Algérie : des journalistes condamnés à de lourdes peines de prison

mercredi 9 septembre 2020.
 

La campagne de harcèlement des médias est de plus en plus offensive. Deux journalistes reconnus ont récemment été condamnés à de lourdes peines de prison pour avoir simplement exprimé leurs opinions ou couvert des manifestations.

Depuis février 2019, le mouvement de protestation du Hirak appelle à un changement politique radical en Algérie. Dans ce contexte, au moins huit journalistes ont été emprisonnés sur la base d’accusations fausses simplement pour avoir couvert les manifestations du mouvement ou pour leurs publications sur les réseaux sociaux. Plusieurs sites Internet d’information connus pour leur position critique à l’égard du gouvernement ont même vu leur accès aux réseaux algériens bloqués.

Les autorités algériennes sont prêtes à tout pour réduire au silence les voix critiques.

Harcèlement judiciaire de journalistes

Ces derniers temps, de nombreux journalistes ont été sanctionnés simplement pour avoir fait leur travail. Le 10 août 2020, le tribunal de première instance de Sidi M’hamed, à Alger, a condamné le journaliste de renom Khaled Drareni à trois ans de prison pour avoir couvert une manifestation du mouvement de protestation du Hirak, ainsi que pour ses interventions dans des médias étrangers. Il a été déclaré coupable en même temps que Samir Benlarbi et Slimane Hamitouche, deux figures importantes du Hirak, tous deux condamnés à deux ans de prison avec sursis. Khaled Drareni, Samir Benlarbi et Slimane Hamitouche ont fait appel de leur condamnation, et un procès en appel doit s’ouvrir le 8 septembre 2020.

Le 24 août 2020, un tribunal de première instance de la ville de Constantine a condamné Abdelkrim Zeghileche, directeur de la radio indépendante Radio Sarbacan, à deux ans d’emprisonnement en raison de deux de ses publications sur Facebook. D’après l’un de ses avocats, l’une des publications qui qualifiait le président algérien Abdelmadjid Tebboune d’« imposteur placé au pouvoir par l’armée » est à l’origine des poursuites pour « atteinte à la personne du président de la République ». Depuis son arrestation, le 23 juin 2020, Abdelkrim Zeghileche est détenu à la prison de Koudiat, à Constantine. D’autres journalistes ont également été pris pour cible par les autorités pour avoir fait leur travail. C’est le cas de Mustapha Bendjama, rédacteur en chef du journal Le Provincial, Ali Djamel Toubal, correspondant du journal Ennahar ou encore Merzoug Touati, journaliste du site L’avant Garde Algérie.
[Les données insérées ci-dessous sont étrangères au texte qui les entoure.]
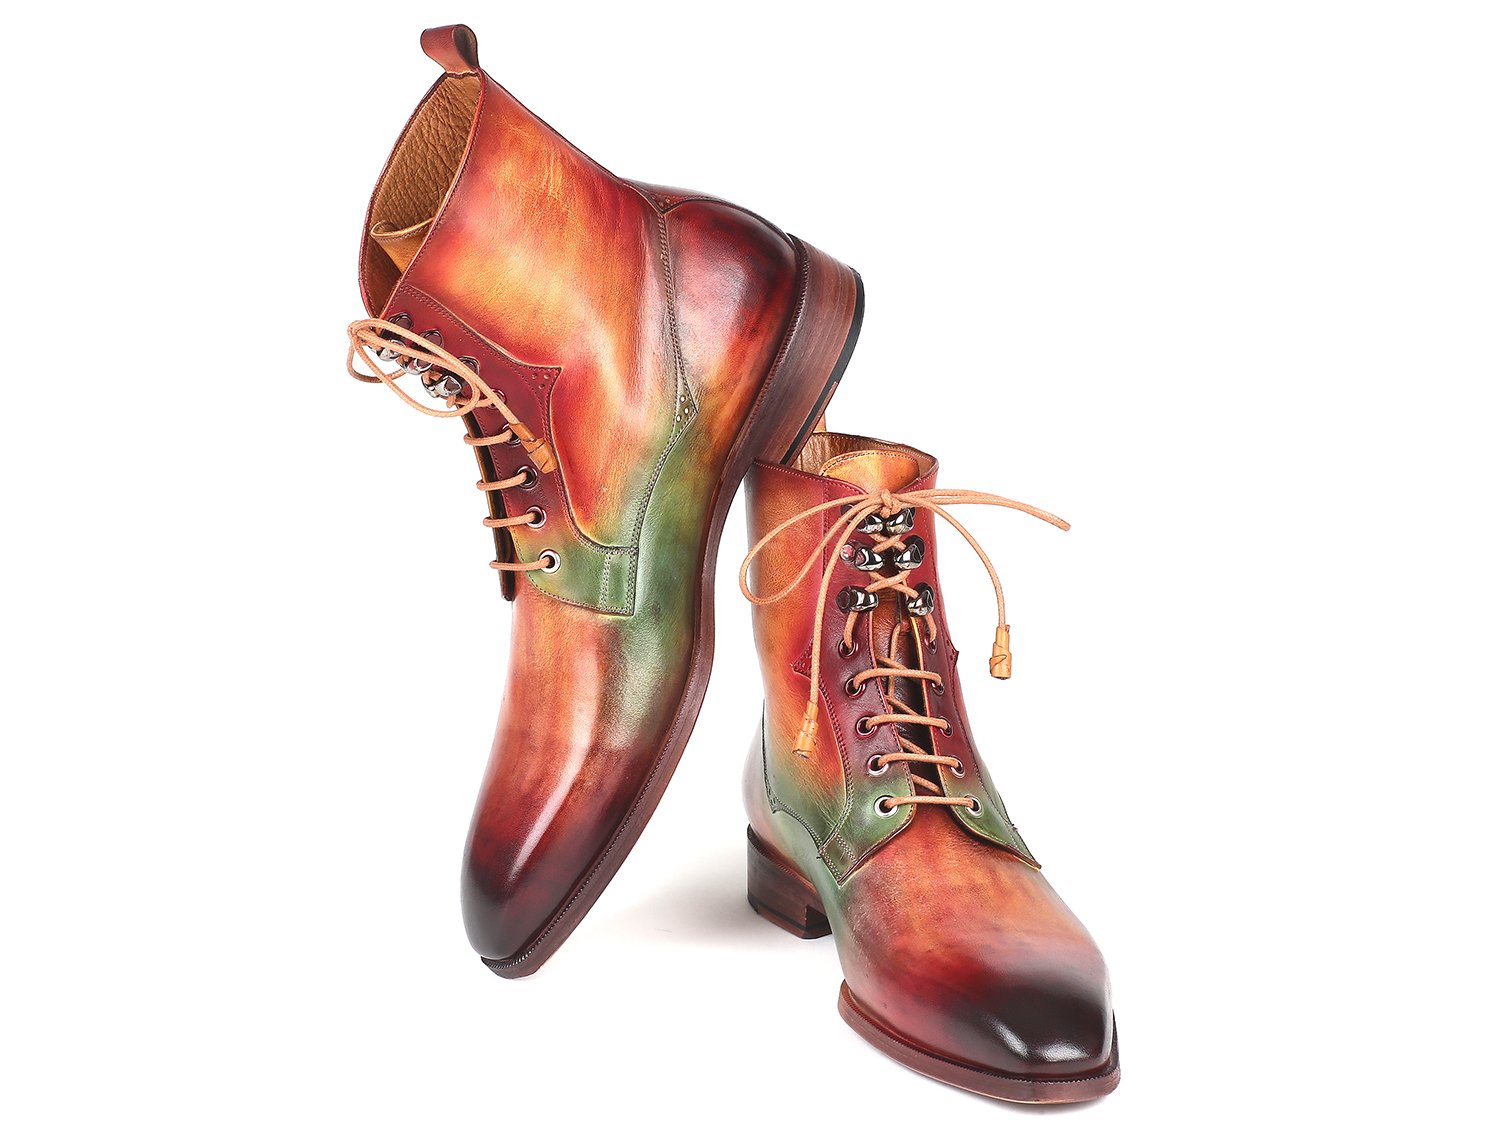 Paul Parkman Green Camel & Bordeaux Leather Boots - BT533SPR

Blocage de certains médias

En plus du harcèlement dont sont victimes des journalistes, plusieurs sites Internet d’information sont devenus inaccessibles en Algérie, et les autorités ont admis avoir bloqué l’accès à au moins deux de ces sites. Le 15 avril 2020, le ministre de la Communication Ammar Belhimer a reconnu que les autorités avaient bloqué, sans avertissement préalable, deux médias en ligne indépendants, Maghreb Emergent et RadioMPost, dans l’attente de « poursuites judiciaires complémentaires » contre leur directeur éditorial Ihsane El Kadi, pour diffamation et offense à l’égard du président Abdelmadjid Tebboune. Les sites Tout sur l’Algérie (TSA) et Interlignes sont presque toujours inaccessibles en Algérie depuis 2019, et le site L’Avant-Garde Algérie l’est complètement depuis le 23 août 2020.

En plus de harceler les journalistes, les autorités continuent de réprimer les manifestants. D’après le Comité national pour la libération des détenus (NLD), au 25 août 2020, au moins quarante-deux personnes étaient détenues en raison de leur participation en ligne et hors ligne aux manifestations du Hirak. Nous appelons les autorités à mettre fin au harcèlement judiciaire systématique des journalistes et à veiller à ce qu’ils ne soient pas victimes d’actes d’intimidation ou de menaces d’arrestation. Enfin, les autorités doivent immédiatement lever le blocage imposé à certains sites d’information.